Found a loop by narrowing to the left:
The TRS P consists of the following rules:
F(f(a, x1), f(a, y1)) → F(a, f(a, f(f(f(a, a), x1), f(f(a, a), y1))))
F(y0, f(a, f(a, x1))) → F(a, f(f(a, f(f(f(a, a), x1), f(a, a))), y0))
F(x, f(a, y)) → F(f(f(a, a), y), x)
F(x, f(a, y)) → F(f(a, a), y)
The TRS R consists of the following rules:
f(x, f(a, y)) → f(a, f(f(f(a, a), y), x))
s = F(x, f(x', f(x'', f(a, y)))) evaluates to t =F(f(f(a, a), f(f(f(a, a), f(f(f(a, a), y), x'')), x')), x)
Thus s starts an infinite chain as s semiunifies with t with the following substitutions:
- Semiunifier: [x / f(f(a, y'''), f(x''', f(a, y'))), x' / f(a, y'')]

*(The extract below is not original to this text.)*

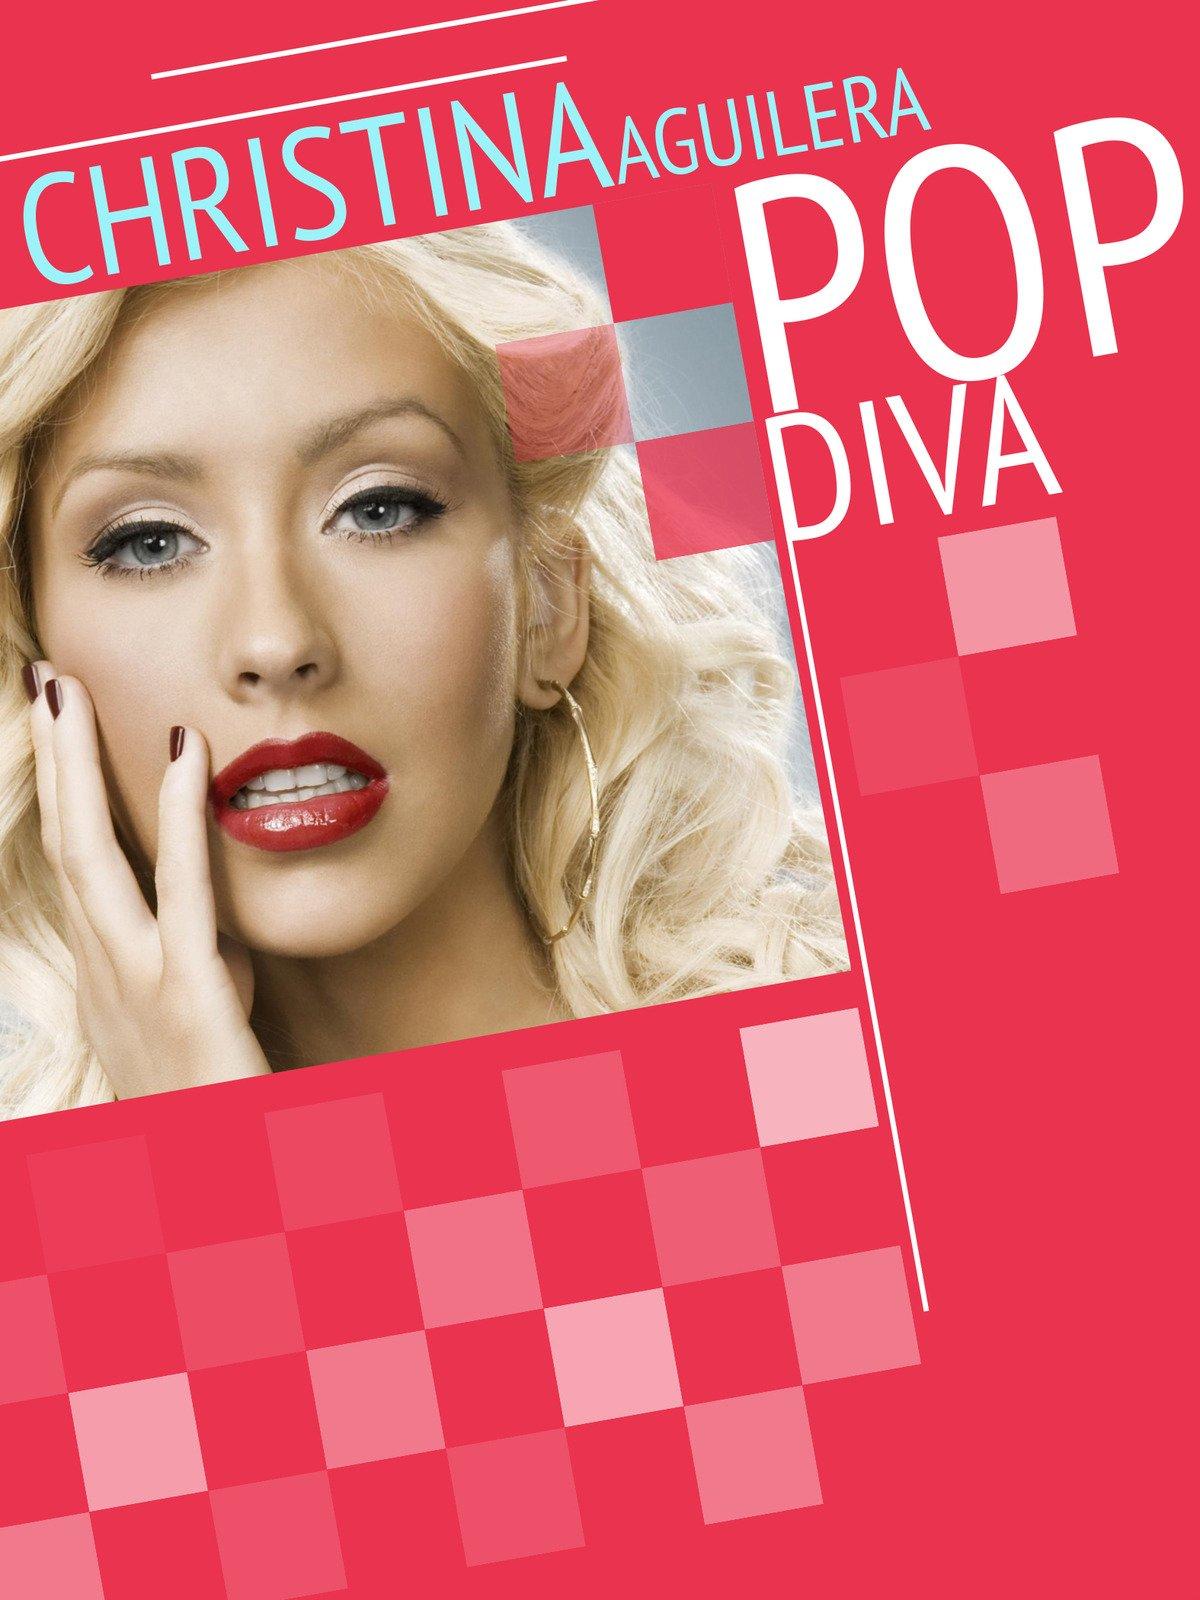 Christina Aguilera: Pop Diva on Amazon Prime Video UK

- Matcher: [y'' / y''', y' / y'', y / y', x'' / x''', y''' / a, x''' / f(f(a, a), f(f(f(a, a), y), x''))]
Rewriting sequence
F(f(f(a, y'''), f(x''', f(a, y'))), f(f(a, y''), f(x'', f(a, y)))) → F(f(f(a, y'''), f(x''', f(a, y'))), f(f(a, y''), f(a, f(f(f(a, a), y), x''))))

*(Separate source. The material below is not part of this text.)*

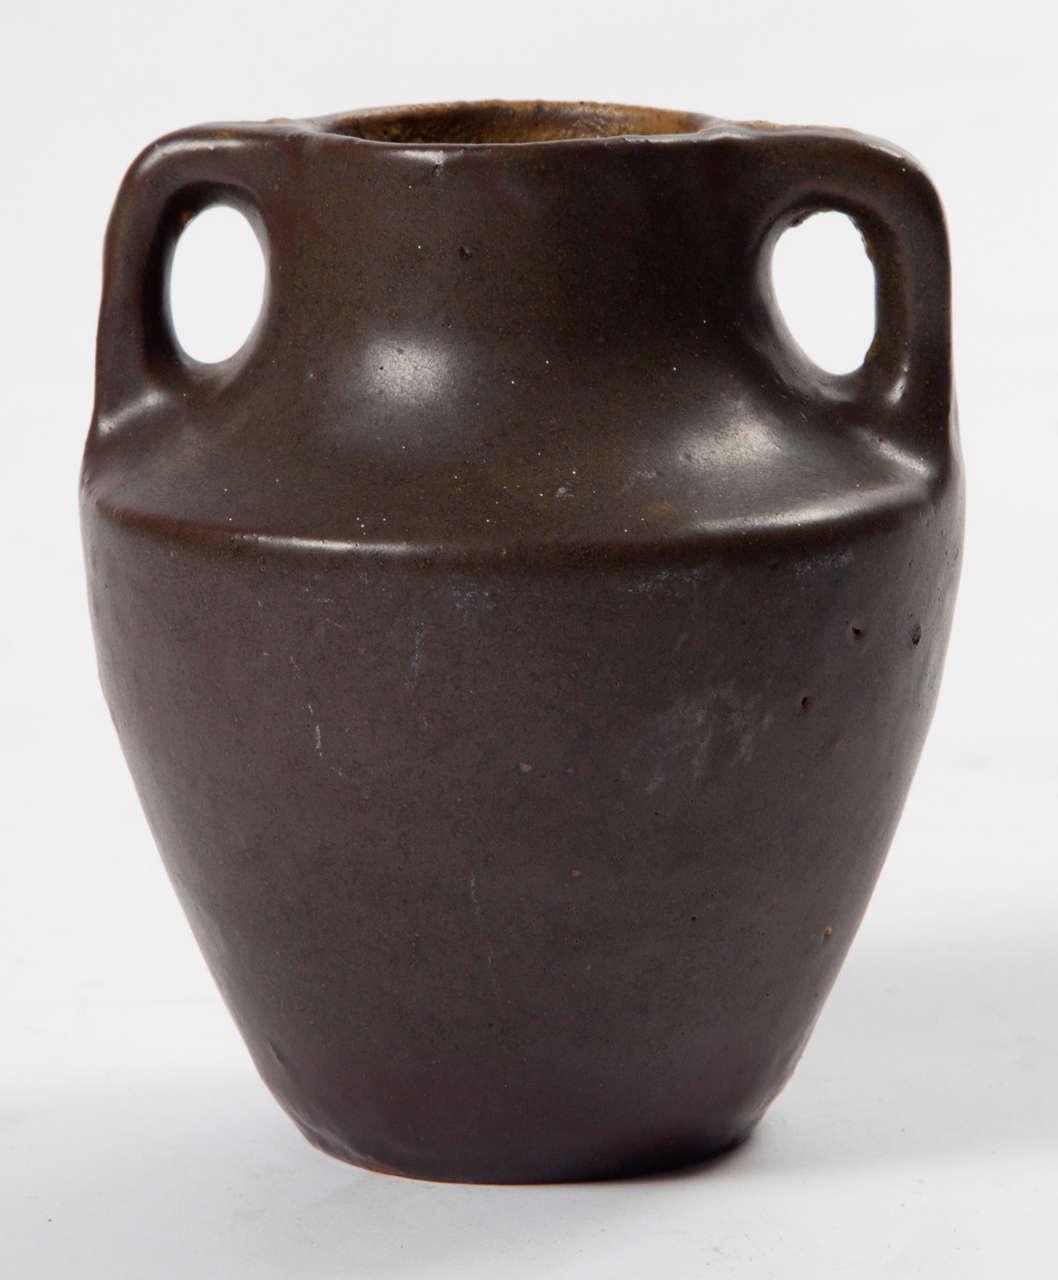 Danish Pottery Vase 2

with rule f(x'''', f(a, y0)) → f(a, f(f(f(a, a), y0), x'''')) at position [1,1] and matcher [y0 / y, x'''' / x'']
F(f(f(a, y'''), f(x''', f(a, y'))), f(f(a, y''), f(a, f(f(f(a, a), y), x'')))) → F(f(f(a, y'''), f(x''', f(a, y'))), f(a, f(f(f(a, a), f(f(f(a, a), y), x'')), f(a, y''))))
with rule f(x', f(a, y'0)) → f(a, f(f(f(a, a), y'0), x')) at position [1] and matcher [y'0 / f(f(f(a, a), y), x''), x' / f(a, y'')]
F(f(f(a, y'''), f(x''', f(a, y'))), f(a, f(f(f(a, a), f(f(f(a, a), y), x'')), f(a, y'')))) → F(f(f(a, a), f(f(f(a, a), f(f(f(a, a), y), x'')), f(a, y''))), f(f(a, y'''), f(x''', f(a, y'))))
with rule F(x, f(a, y)) → F(f(f(a, a), y), x)
Now applying the matcher to the start term leads to a term which is equal to the last term in the rewriting sequence
All these steps are and every following step will be a correct step w.r.t to Q.